自殺者の多くは高齢者、無職の人々ですが、30%ぐらいは若壮年の働き盛りの人々が含まれています。原因の分析では健康問題、経済生活問題、家庭問題などが多いようですが、自殺者の多くには鬱病が介在していると言われています。
国は平成18年6月には自殺対策基本法を成立させて、メンタルヘルス対策の充実や雇用対策などを図っていますが、これも急な効果はやはり難しいものがあるようです。
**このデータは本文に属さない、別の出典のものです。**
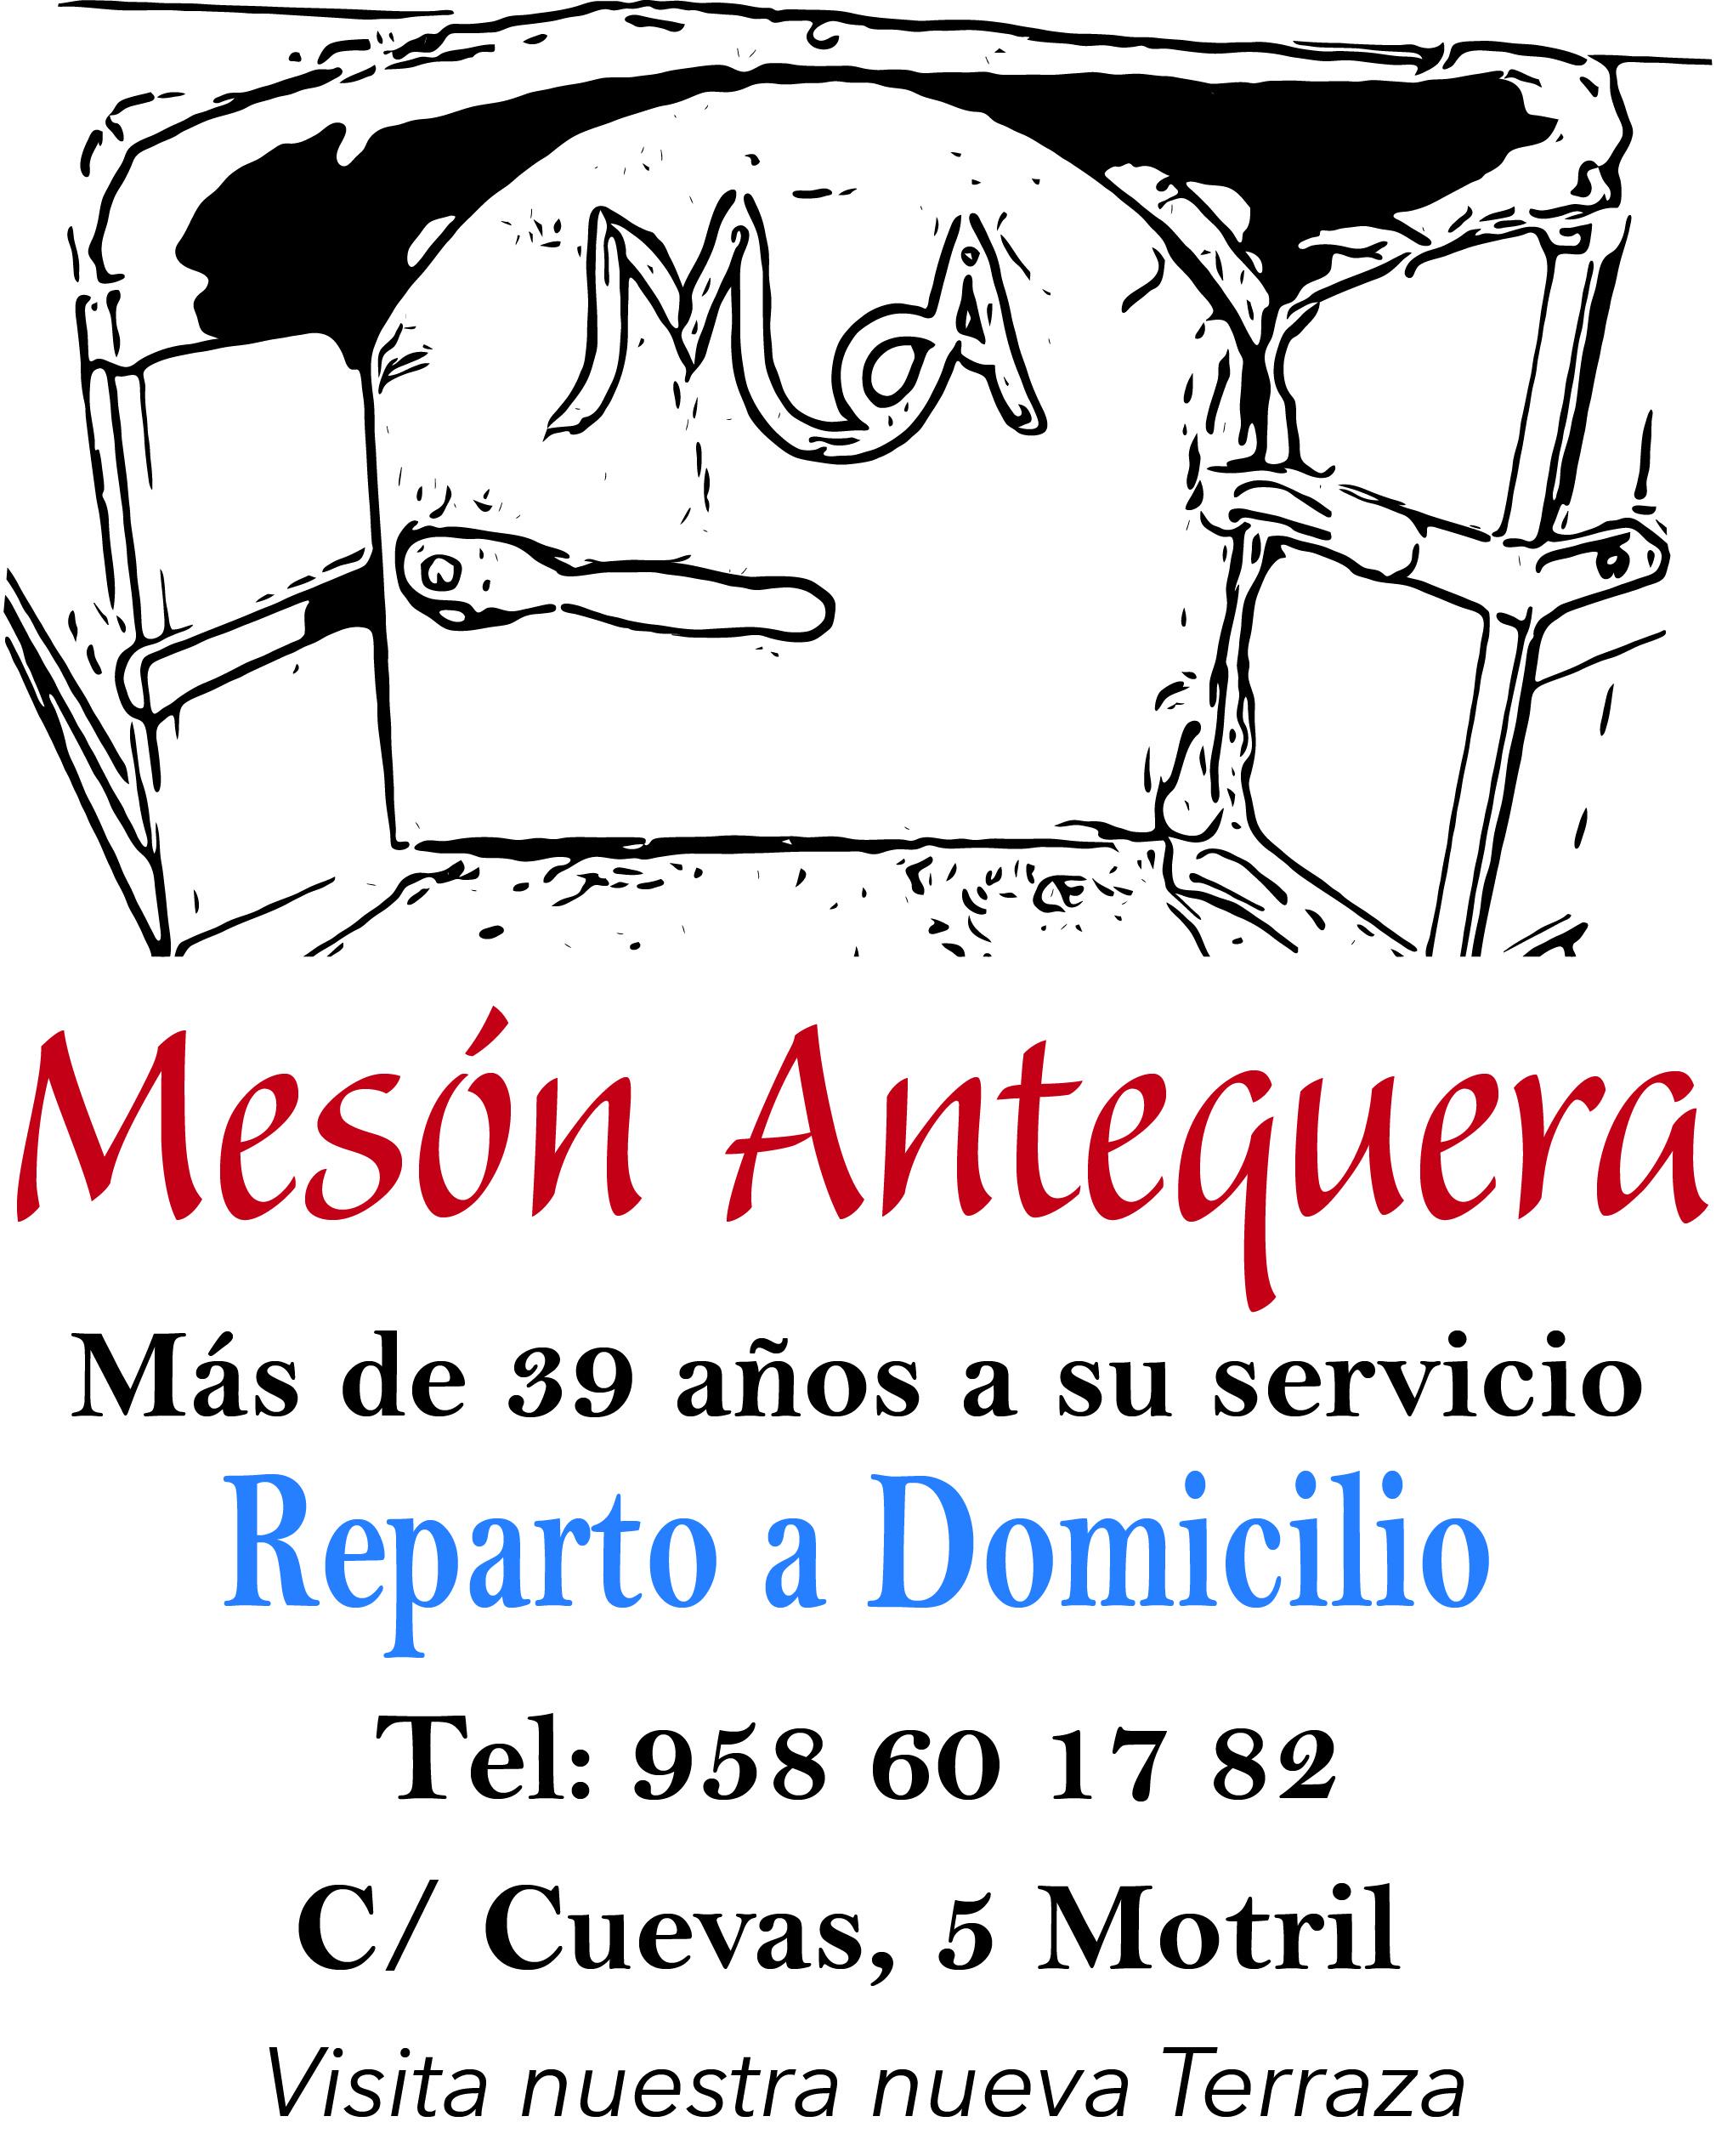 MESON ANTEQUERA

少子高齢化社会の到来とともに、働く人の数を確保するという名分のもとに、対策は急ピッチで出されていますが、私達も国だけに任せるのではなく、自分たちの身近な問題として意識を高め、周りに気配りをし、相互に助け合う社会的支援をしっかりやっていきませんか。
産業保健Q&A
【Q1】
派遣労働者の健康診断は、派遣元・派遣先のどちらが行うのか。
【A1】
雇い入れ時及び定期健康診断(一般健康診断)については、労働者派遣法に特段の定めがなく、雇用主である派遣元事業主に実施義務がある。一方、有害な業務(労働安全衛生法施行令22条)に従事する者に対する特殊健康診断については、労働者派遣法によって派遣先事業主のみに実施義務が課せられており、派遣元事業主にはない。なお、特殊健康診断の結果については、派遣先事業主が健康診断個人票を作成する必要があり、その上で、健康診断の結果を記載した書面を作成して派遣元事業主に送付しなければならない。健康診断の結果、異常所見があると判定された場合は、一般健康診断については派遣元事業主が、特殊健康診断については派遣先事業主が、医師等の意見を聴取する必要がある。その結果、作業転換等が必要な場合は派遣元及び派遣先事業主の双方に措置義務がある。
【Q2】
安全衛生教育は、パートタイム労働者や臨時社員などの非正規社員に対しても必要か。
【A2】
労働安全衛生法では、事業主に対し、労働者を雇い入れた時及び作業内容を変更したときに、従事する業務に関する安全衛生教育を行うことを義務付けている。その対象となる労働者は、正社員だけでなく、パートタイム労働者や臨時職員も含まれ、外国人労働者や派遣労働者も含まれる。なお、教育の内容については、8項目が定められており(労働安全衛生規則35条1項)、製造業、建設業などが定められた業種(労働安全衛生法施行令2条1号・2号)以外の事務作業などでは省略できるものもある。また、「作業内容の変更」とは異なる作業に転換したとき、作業設備、作業方法等に大幅な変更があったときとされている。(昭47.9.18基発602号)。